### AIM OF THE EXERCISE
No pictures belong in the copy. Retype exactly, and only, the stretch of lines below from the one with "Haiti: Developments and U.S" through the one with "Branding - Lenovo Partner Net".

### EXCERPTED RECORDS
[Start of Attachment]

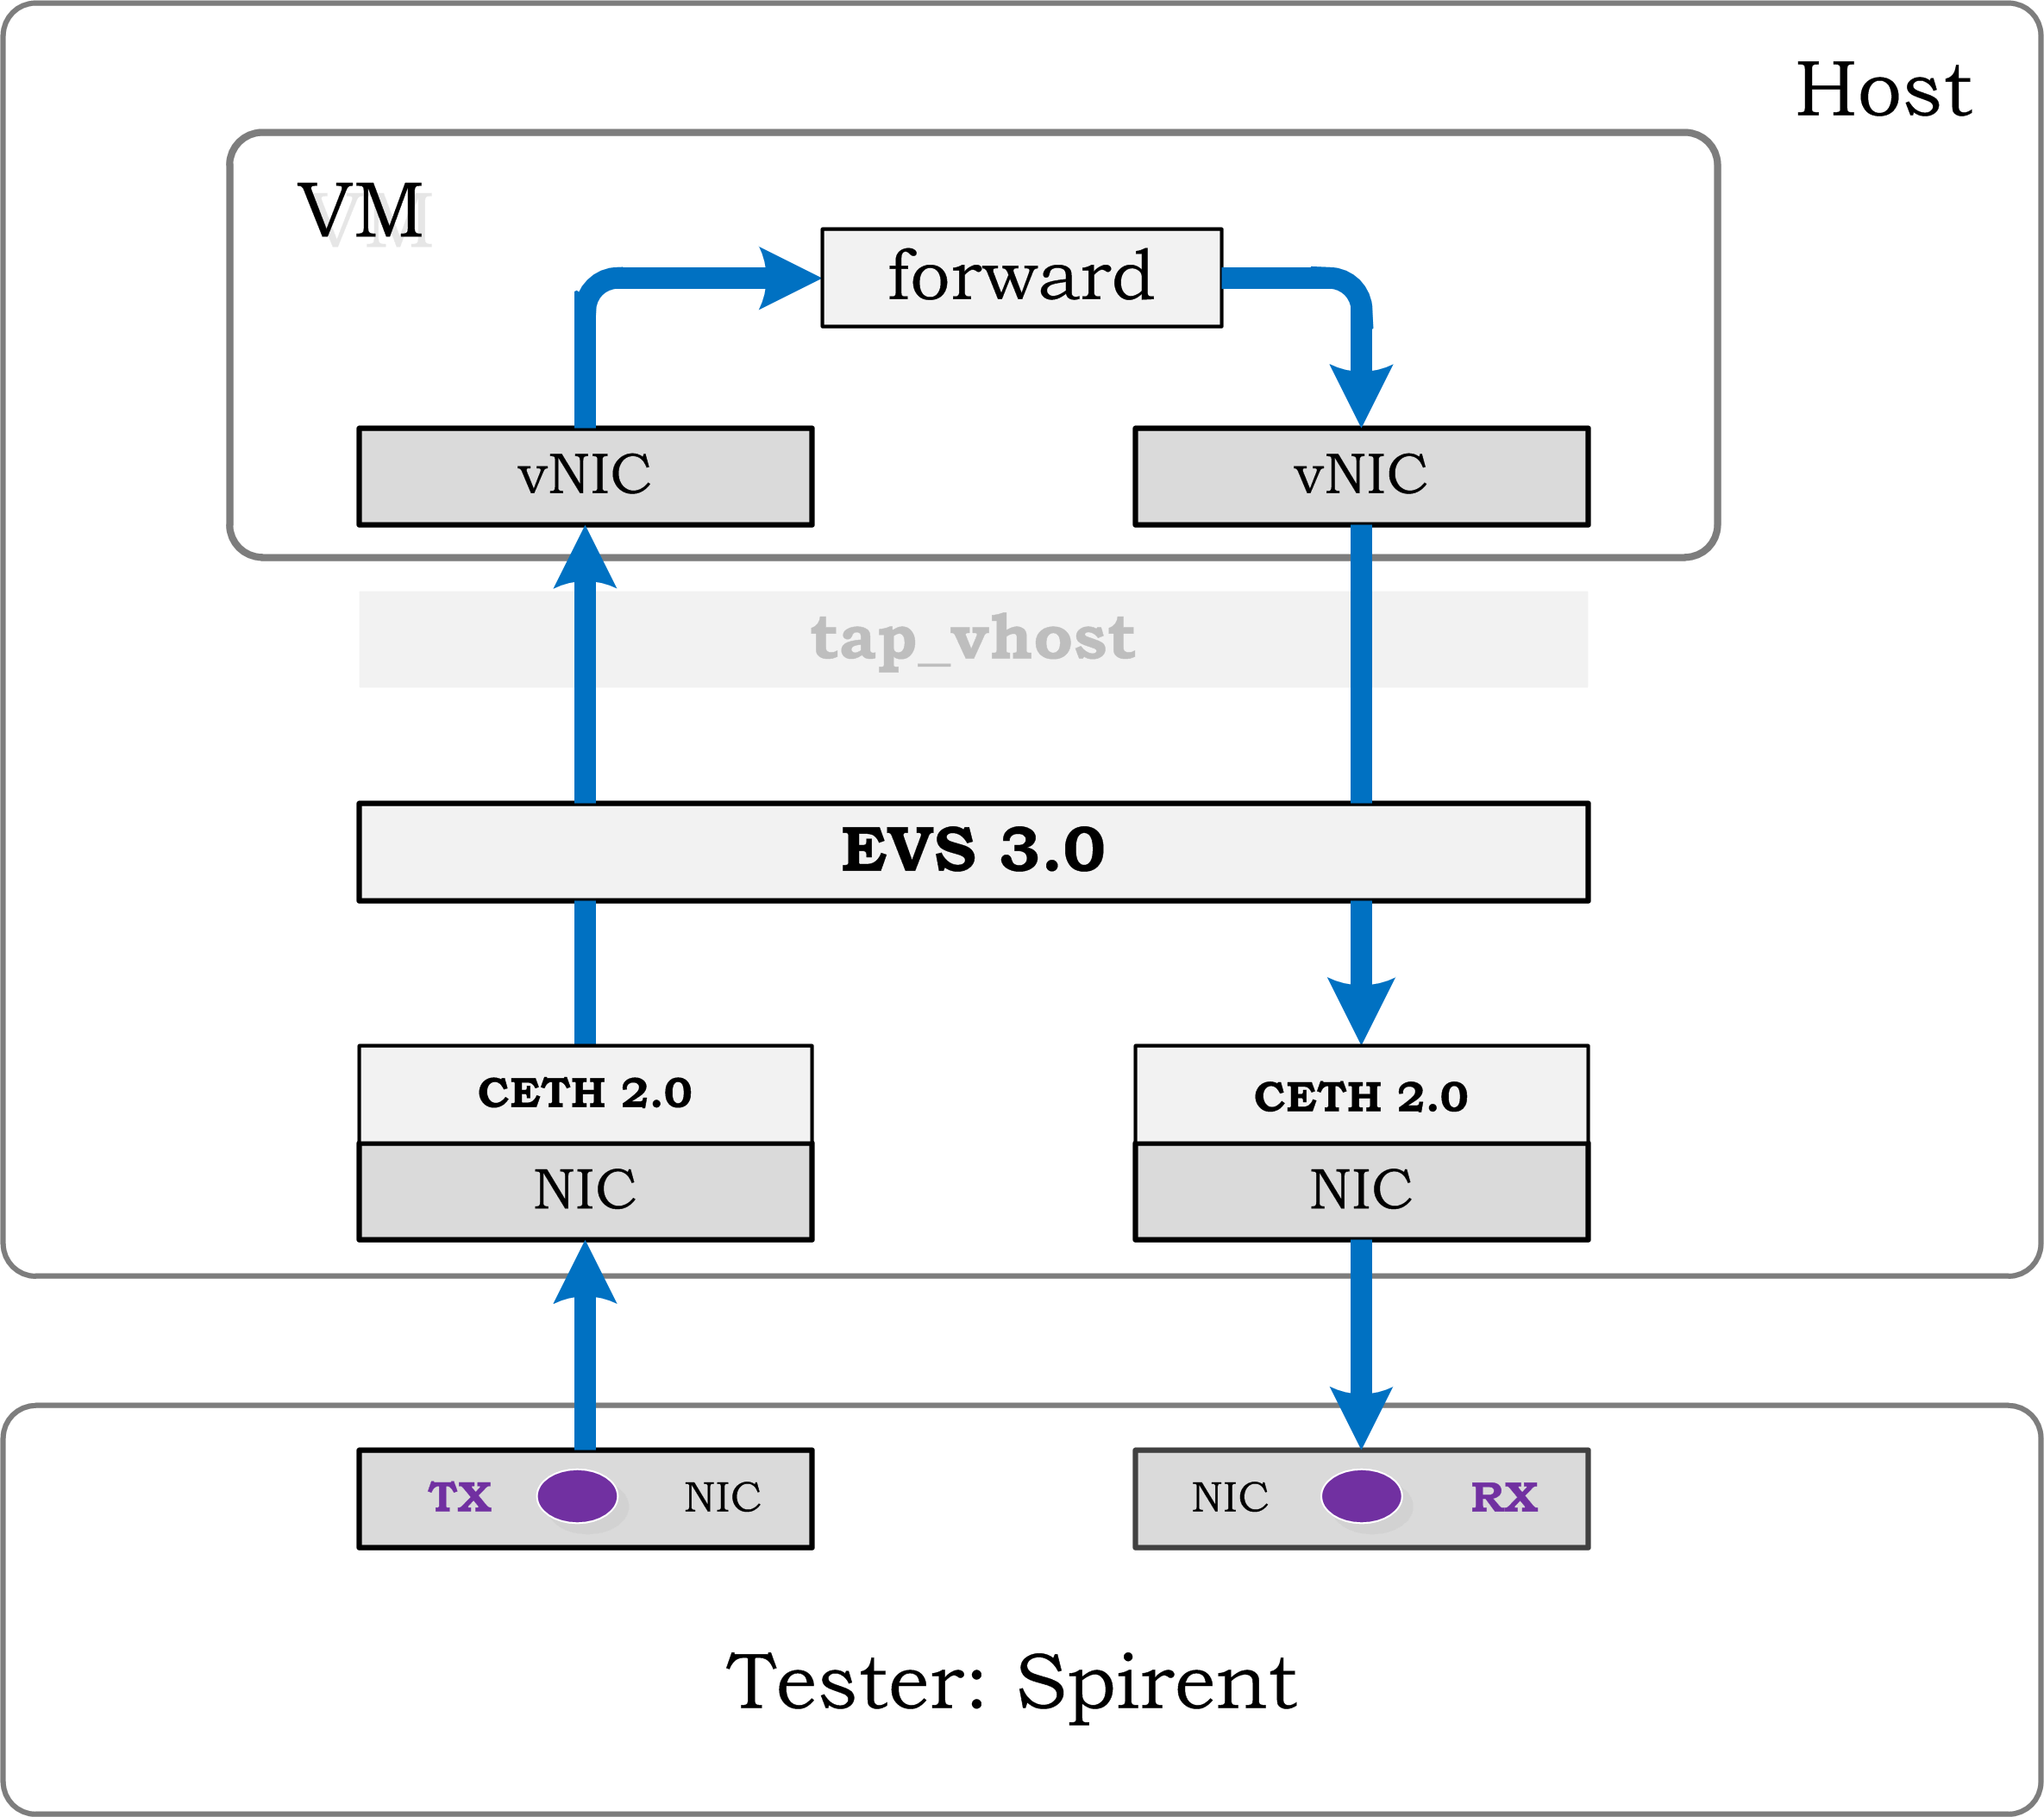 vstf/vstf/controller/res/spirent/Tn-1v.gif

[End of Attachment]
[Start of Attachment]

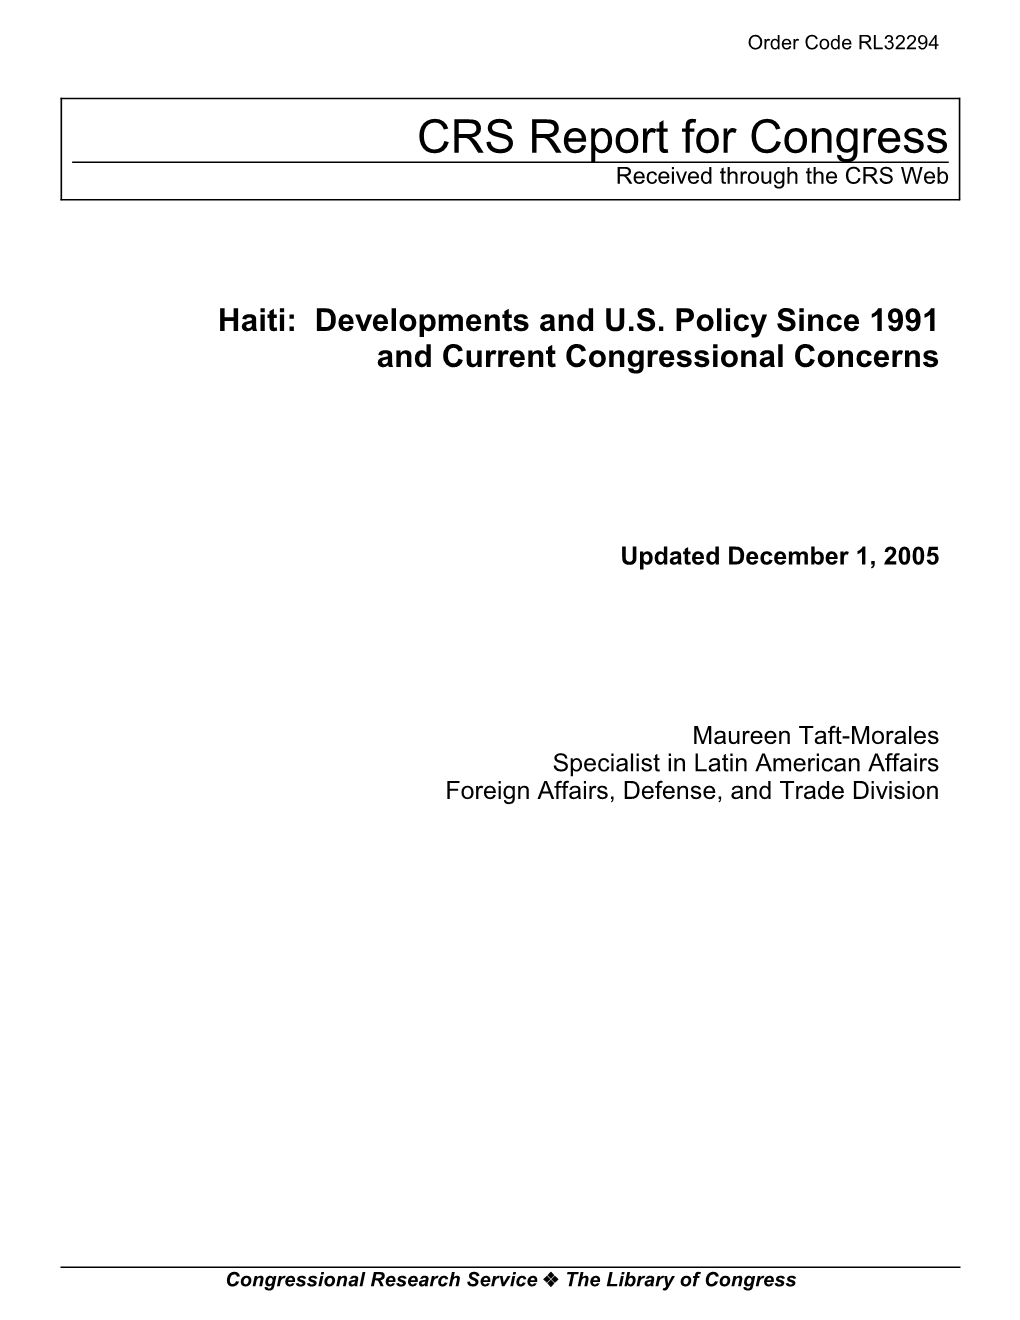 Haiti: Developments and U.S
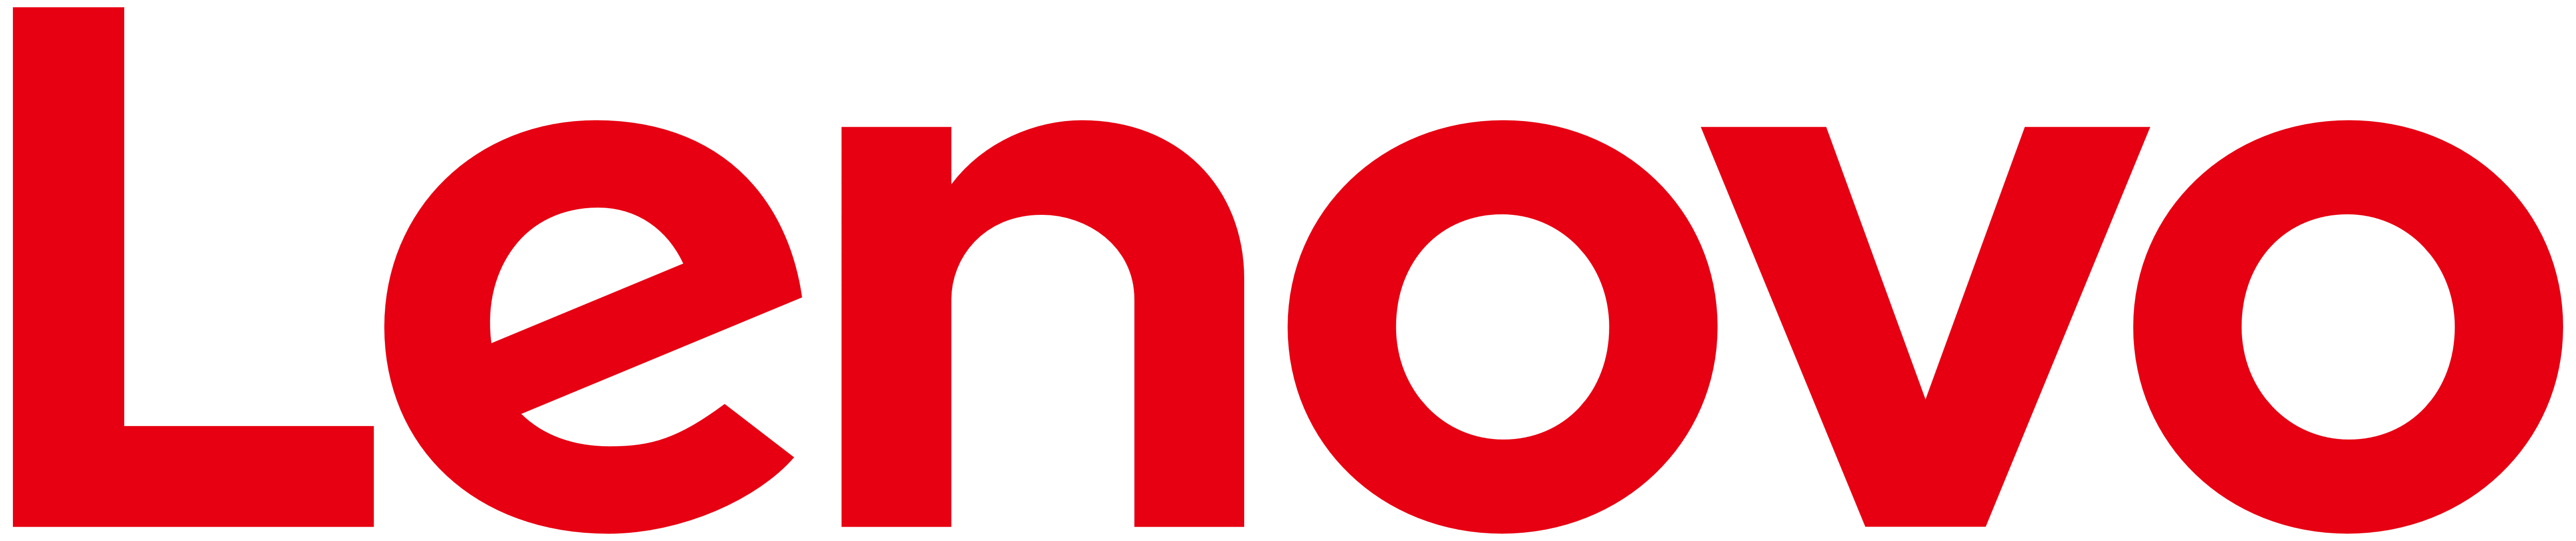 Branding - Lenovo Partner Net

[End of Attachment]
[Start of Attachment]

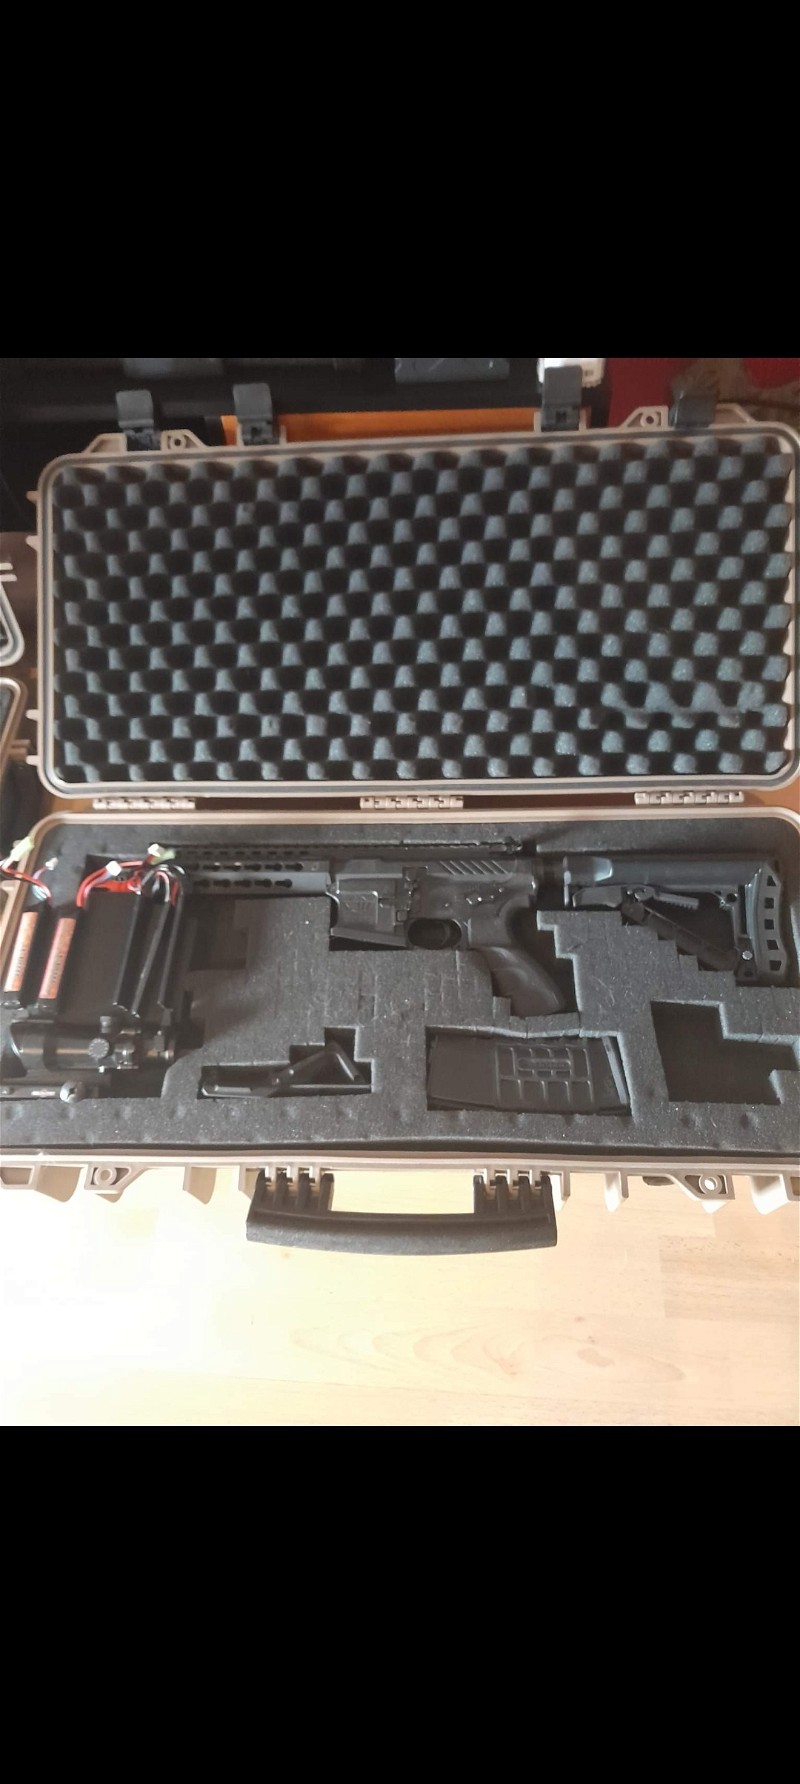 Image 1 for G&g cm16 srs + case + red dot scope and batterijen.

[End of Attachment]

### TASK ANSWER
 Haiti: Developments and U.S
 Branding - Lenovo Partner Net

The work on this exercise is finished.